We can now use the same dotted notation to select the three columns we actually want out of our join:
SELECT Items.Barcode, Works.Title, Works.ISBN FROM Items JOIN Works ON Items.Work_ID=Works.Work_ID LIMIT 10;
Barcode | Title | ISBN |
---|---|---|
081722942611 | SQL in a nutshell | 9780596518844 |
492437609065 | SQL in a nutshell | 9780596518844 |
172480710952 | SQL for dummies | 9781118607961 |
708014968732 | PHP & MySQL | 9781449325572 |
819783404942 | PHP & MySQL | 9781449325572 |
257370237291 | Using SQLite | 9780596521189 |
002905925356 | Geek sublime | 9780571310302 |
964583604781 | Geek sublime | 9780571310302 |
701630524534 | Capital in the 21st century | 9780674430006 |
722040919616 | Capital in the 21st century | 9780674430006 |
We can now try to tackle the case of the Authors
table.
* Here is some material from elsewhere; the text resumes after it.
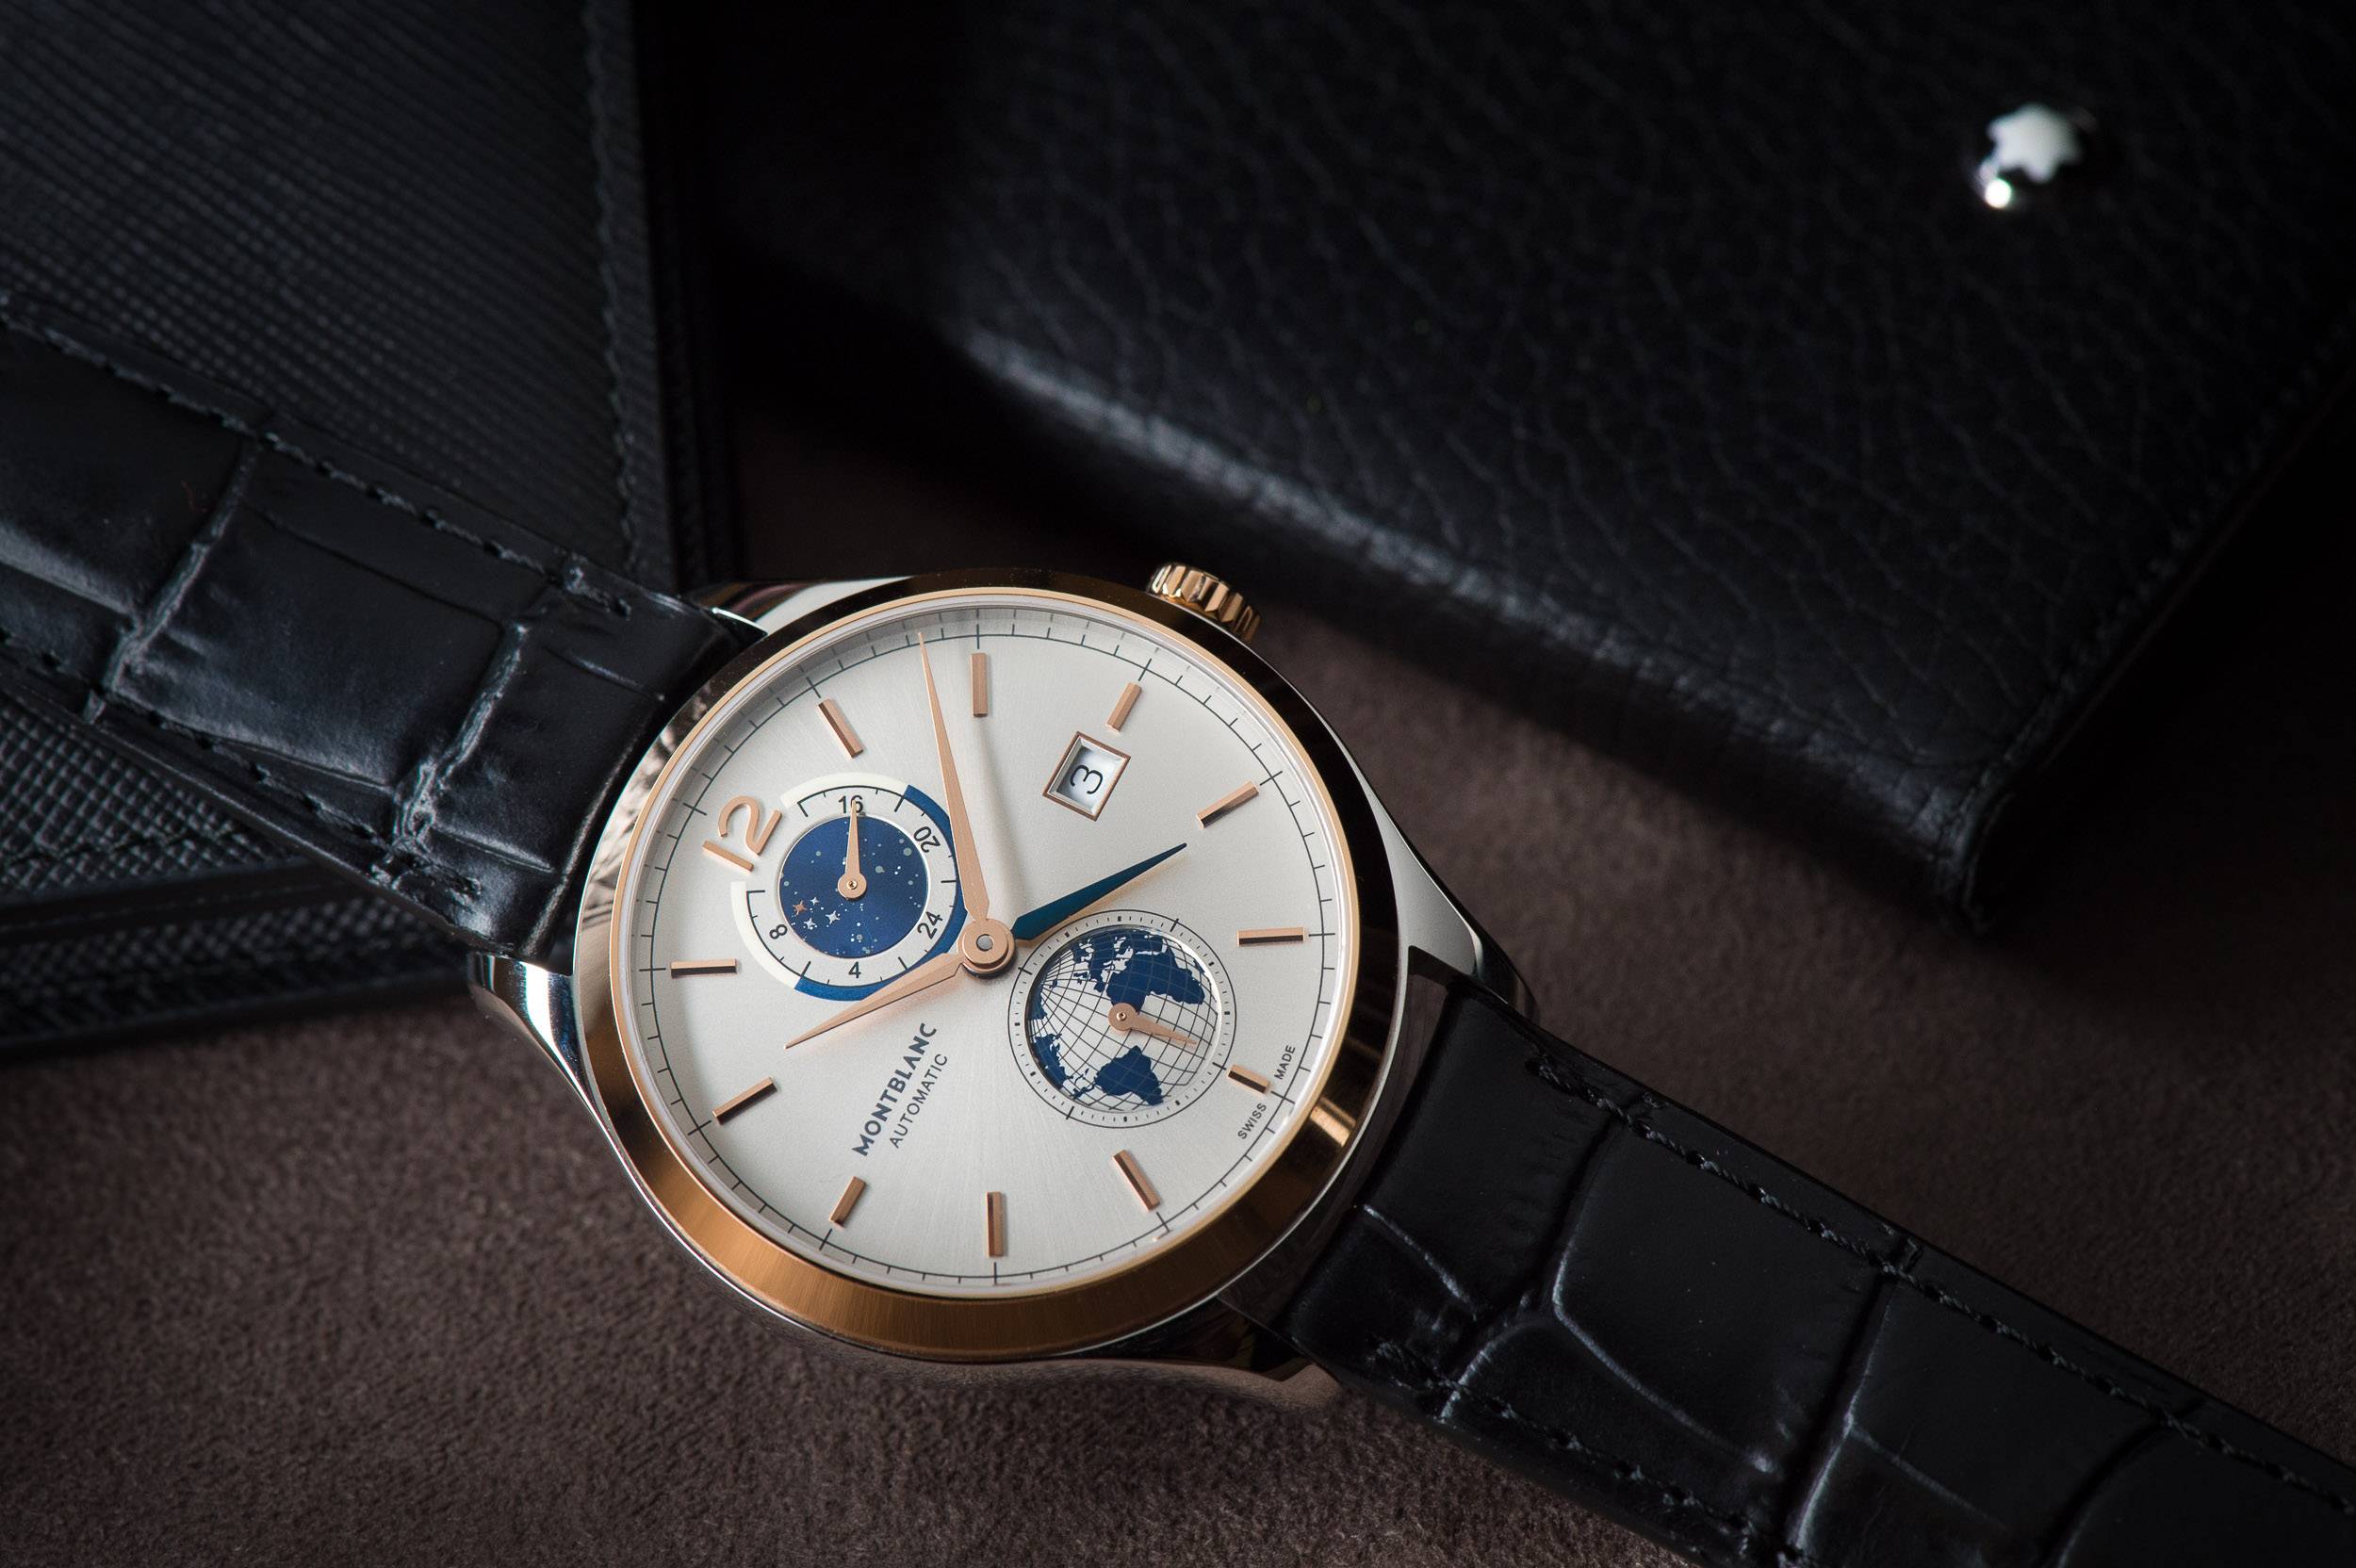 Montblanc Heritage Chronométrie Dual Time Vasco da Gama Limited Edition 238 Watches And Wonders Feature

To list the contributors associated with the first item on the Works
table (Work_ID=1
, SQL in a nutshell 3rd ed.), we write:
SELECT Works_Authors.Role, Authors.Personal, Authors.Family
FROM Works_Authors
JOIN Authors
ON Authors.Author_ID=Works_Authors.Author_ID
WHERE Works_Authors.Work_ID=1;
Role | Personal | Family |
---|---|---|
Author | Kevin E. | Kline |
Contributor | Daniel | Kline |
Contributor | Brand | Hunt |
Or inversely, if we want to list all the works that Allen G. Taylor (Author_ID=4
) has authored or contributed to, we can write:
SELECT Works.Title, Works.Date, Works.Edition, Works_Authors.Role
FROM Works
JOIN Works_Authors
ON Works.Work_ID=Works_Authors.Work_ID
WHERE Works_Authors.Author_ID=4;
Title | Date | Edition | Role |
---|---|---|---|
SQL for dummies | 2013 | 8th ed. | Author |
SQL for dummies | 2010 | 7th ed. | Author |
SQL all-in-one | 2011 | 2nd ed. | Author |
Access 2013 all-in-one | 2013 | Contributor |
We can tell which records from Works
, Authors
, Items
and Works_Authors
correspond with each other because those tables contain primary keys and foreign keys. A primary key is a value, or combination of values, that uniquely identifies each record in a table. A foreign key is a value (or combination of values) from one table that identifies a unique record in another table. Another way of saying this is that a foreign key is the primary key of one table that appears in some other table. In our database, Works.Work_ID
is the primary key in the Works
table, while Items.Work_ID
is a foreign key relating the Items
table’s entries to entries in Works
. The Authors_Works
table contains only foreign keys relating to entries in the Works
and Authors
tables.
Most database designers believe that every table should have a well-defined primary key. They also believe that this key should be separate from the data itself, so that if we ever need to change the data, we only need to make one change in one place. One easy way to do this is to create an arbitrary, unique ID for each record as we add it to the database. This is actually very common: those IDs have names like “student numbers” and “patient numbers”, and they almost always turn out to have originally been a unique record identifier in some database system or other. As the query below demonstrates, SQLite automatically numbers records as they’re added to tables, and we can use those record numbers in queries:
SELECT rowid, * FROM Person;
Listing Authors whose Name starts with K
Write a query that lists all works written by people whose Family name start with the letter “K”.
Listing Popular Authors
Write a query that lists all authors that have written at least one book that is currently on loan from the library.
Who are the Authors of this Title?
To which item does the barcode 722040919616
refer to, what is the title of this book and who are its authors?